I am trying to implement a VERY efficient 2x2 matrix multiplication in C code for operation in an ARM Cortex-M4. The function accepts 3 pointers to 2x2 arrays, 2 for the inputs to be multiplied and an output buffer passed by the using function. Here is what I have so far...

static inline void multiply_2x2_2x2(int16_t a[2][2], int16_t b[2][2], int32_t c[2][2])
{
  int32_t a00a01, a10a11, b00b01, b01b11;

  a00a01 = a[0][0] | a[0][1]<<16;
  b00b10 = b[0][0] | b[1][0]<<16;
  b01b11 = b[0][1] | b[1][1]<<16;
  c[0][0] = __SMUAD(a00a01, b00b10);
  c[0][1] = __SMUAD(a00a01, b01b11);

  a10a11 = a[1][0] | a[1][1]<<16;
  c[1][0] = __SMUAD(a10a11, b00b10);
  c[1][1] = __SMUAD(a10a11, b01b11);
}

Basically, my strategy is to to use the ARM Cortex-M4 __SMUAD() function to do the actual multiply accumulates. But this requires me to build the inputs a00a01, a10a11, b00b10, and b01b11 ahead of time. My question is, given that the C array should be a continuous in memory, is there a more efficient wat to pass the data into the functions directly without the intermediate variables? Secondary question, am I overthinking this and I should just let the compiler do its job as it is smarter than I am? I tend to do that a lot.

Thanks!

Solution

The first main concern is that some_signed_int << 16 invokes undefined behavior for negative numbers. So you have bugs all over. And then bitwise OR of two int16_t where either is negative does not necessarily form a valid int32_t either. Do you actually need the sign or can you drop it?

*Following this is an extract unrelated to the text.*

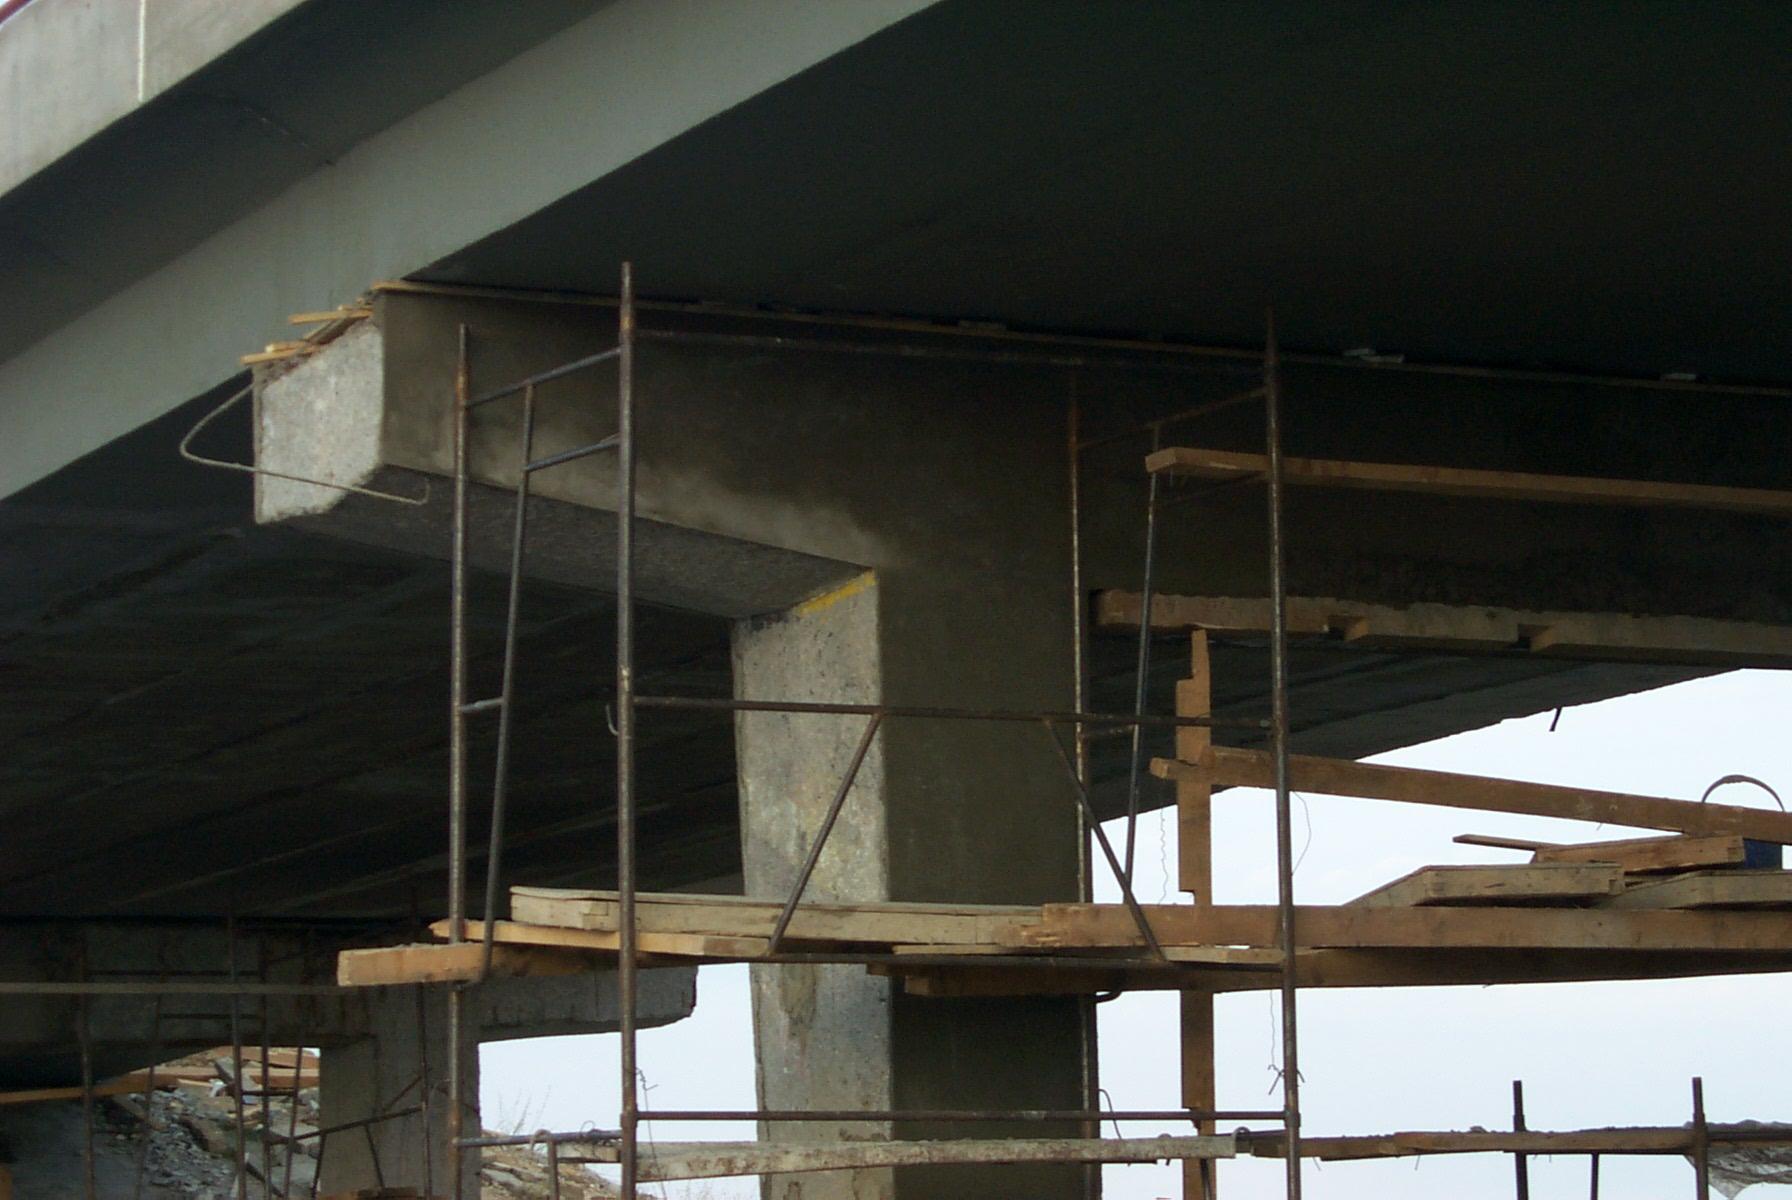 Reparatii pasaje peste Autostrada Bucuresti Pitesti MAPEI - Poza 86

ARM examples use unsigned int, which in turn supposedly contains 2x int16_t in raw binary form. This is what you actually want too.

Also it would seem that it shouldn't matter for SMUAD which 16 bit word you place where. So the a[0][0] | a[0][1]<<16; just serves to needlessly swap data around in memory. It will confuse the compiler which can't optimize such code well. Sure, shifts etc are always very fast, but this is pointless overhead.

(As someone noted, this whole thing is likely much easier to write in pure assembler without concern of all the C type rules and undefined behavior.)

To avoid all these issues you could define your own union type:

typedef union
{
  int16_t  i16 [2][2];
  uint32_t u32 [2];
} mat2x2_t;

u32[0] corresponds to i16[0][0] and i16[0][1]
u32[1] corresponds to i16[1][0] and i16[1][1]

C actually lets you "type pun" between these types pretty wildly (unlike C++). Unions also dodge the brittle strict aliasing rules.

The function can then become something along the lines of this pseudo code:

static uint32_t mat_mul16 (mat2x2_t a, mat2x2_t b)
{
   uint32_t c0 = __SMUAD(a.u32[0], b.u32[0]);
   ...
}

Supposedly each such line should give 2x signed 16 multiplications as per the SMUAD instruction.

As for if this actually gives some revolutionary performance increase compared to some default MUL, I kind of doubt it. Disassemble and count CPU ticks.

am I overthinking this and I should just let the compiler do its job as it is smarter than I am?

Most likely :) The old rule of thumb: benchmark and then only manually optimize at the point when you've actually found a performance bottleneck.